Сомнительно все это, думал он, сомнительно, чтобы Гамарник и Аронштам хотели сместить Блюхера с поста командующего ОКДВА. Защищая Блюхера от якобы нападок Гамарника и Аронштама, Сталин сделал какой-то важный ход. Но какой?

Что за этим последует? Что задумали Сталин и Ворошилов?

Еще большей неожиданностью для Дерибаса явилось то, что руководство решило распространить в войсках стенограмму работы четырех дней военного совета. Что бы это значило? А значило бы то, чтобы армия готова была к ударам против нее, к уже намеченным репрессиям. И спокойно, без содрогания к этому отнеслась. Как к необходимому и важному делу – к ее «чистке». Чтобы в армии не было паники. А как же в ней не может быть паники?

Значит, и с этой стороны прольется большая кровь. «Если так пойдет, а уже пошло, – думал он, – по всей стране пойдут заговоры искать. Если я не получу нового назначения и вдруг вернусь домой целехоньким, там я застану еще большую кучу заговоров и тысячи арестованных. И ничего и ничто уже не может это сдержать», думал он..

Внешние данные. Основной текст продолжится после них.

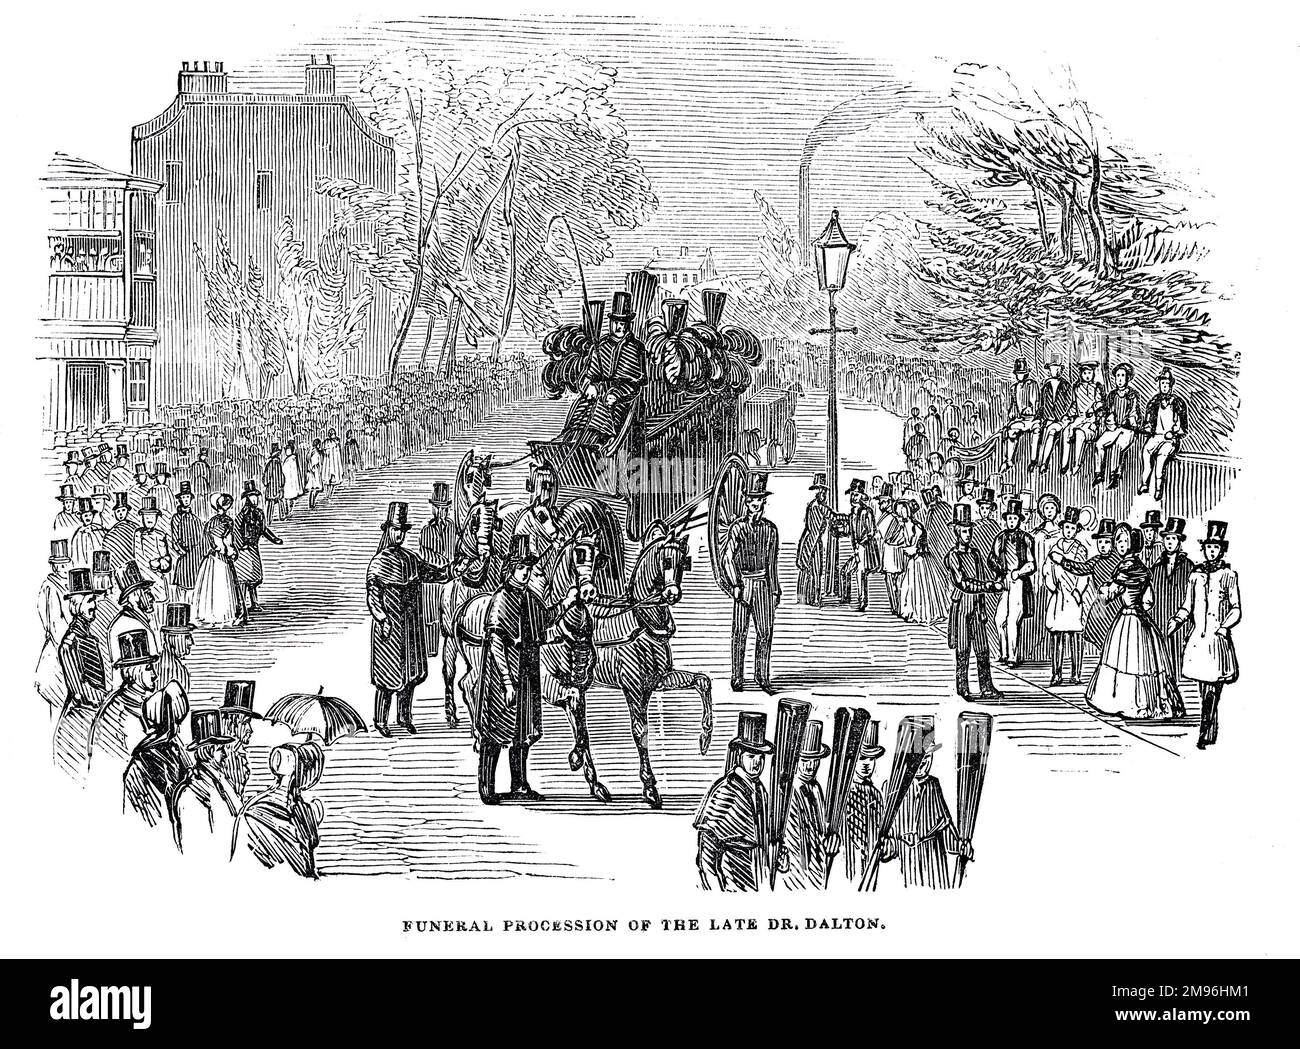 Procesión funeraria del fallecido Dr. John Dalton, Manchester. Ilustración en blanco y negro del London Illustrated News; agosto de 1844. Foto de stock

Все эти дни он получал из Дальневосточного края тревожные вести об арестах в армии, в НКВД и в погранвойсках – в его епархии. В ночь с 4 на 5 июня его разбудил телефонный звонок в номере. Звонил его заместитель Семен Кессельман (в Дальневосточном крае день был уже в разгаре):

– Терентий Дмитриевич, Крутов арестован, – хриплым, взволнованным голосом сообщил он.

– Кто дал санкцию?

– Балицкий.

– Какое основание для ареста?

– Арнольдов с Мироновым показывали мне материалы оперативной работы и протокол допроса Крутова . Там какие-то зацепки есть. И Шкирятов надавливал, мол, из Москвы пришли сведения на него от арестованных заговорщиков из группы Тухачевского.

– Есть зацепки?

– Для следствия есть.

– Кто будет вести следствие?

– Пока неизвестно, но скорее всего, Арнольдов.

7 июня он узнал о том, что по армии готовится распространение приказ НКО СССР №072 «Обращение к армии по поводу раскрытия НКВД предательской контрреволюционной военно-фашистской организации». А следом за ним готовился совместный приказ наркомата обороны и НКВД, подписанные Ворошиловым и Ежовым за №082 «Об освобождении от ответственности военнослужащих, участников контрреволюционных, вредительских, фашистских организаций, раскаивавшихся в своих преступлениях».

Раскаявшиеся должны были «сдать» всех, кого знали как участников заговора, рассказать все без утайки и быть прощены, не преследоваться.

Этому обращению вряд ли кто-либо из военных поверит. Маловероятно, что найдутся желающие сдаться и все рассказать, даже если они и были как-то связаны с арестованными, – думал дальше Дерибас. – После этого армию охватит смятение, настоящая паника. Такую армию сейчас бери голыми руками, она уже деморализована.

На 11 июня был назначен суд над группой Тухачевского из восьми человек, участников заговора против Советской власти, к которым должен быть причислен и Гамарник. Зачем Сталин устроил этот процесс-судилище? – думал дальше Дерибас. – Вопросы, одни лишь вопросы. Сначала, судя по стенограммам военного совета, он стравил военных, посмеялся над их «покаянными» речами в прениях по его докладу об их поголовной недостаточной большевистской бдительности, о политической слепоте, а теперь, благодаря «признательным показаниям» арестованных, они вдруг прозрели. А зачем теперь Сталин заставляет высшее военное руководство страны присутствовать на суде их товарищей, которых Сталин выставил в позорном, предательском виде? Ответ был ясен: они будут только присутствующие, не свидетели, не обвинители и не обвиняемые, просто «присутствующие». Это ничто иное, как устрашение, политика. Кто ее вовремя не разгадает, тот не уцелеет, думалось ему. Но даже кто и разгадает, не факт, что уцелеет.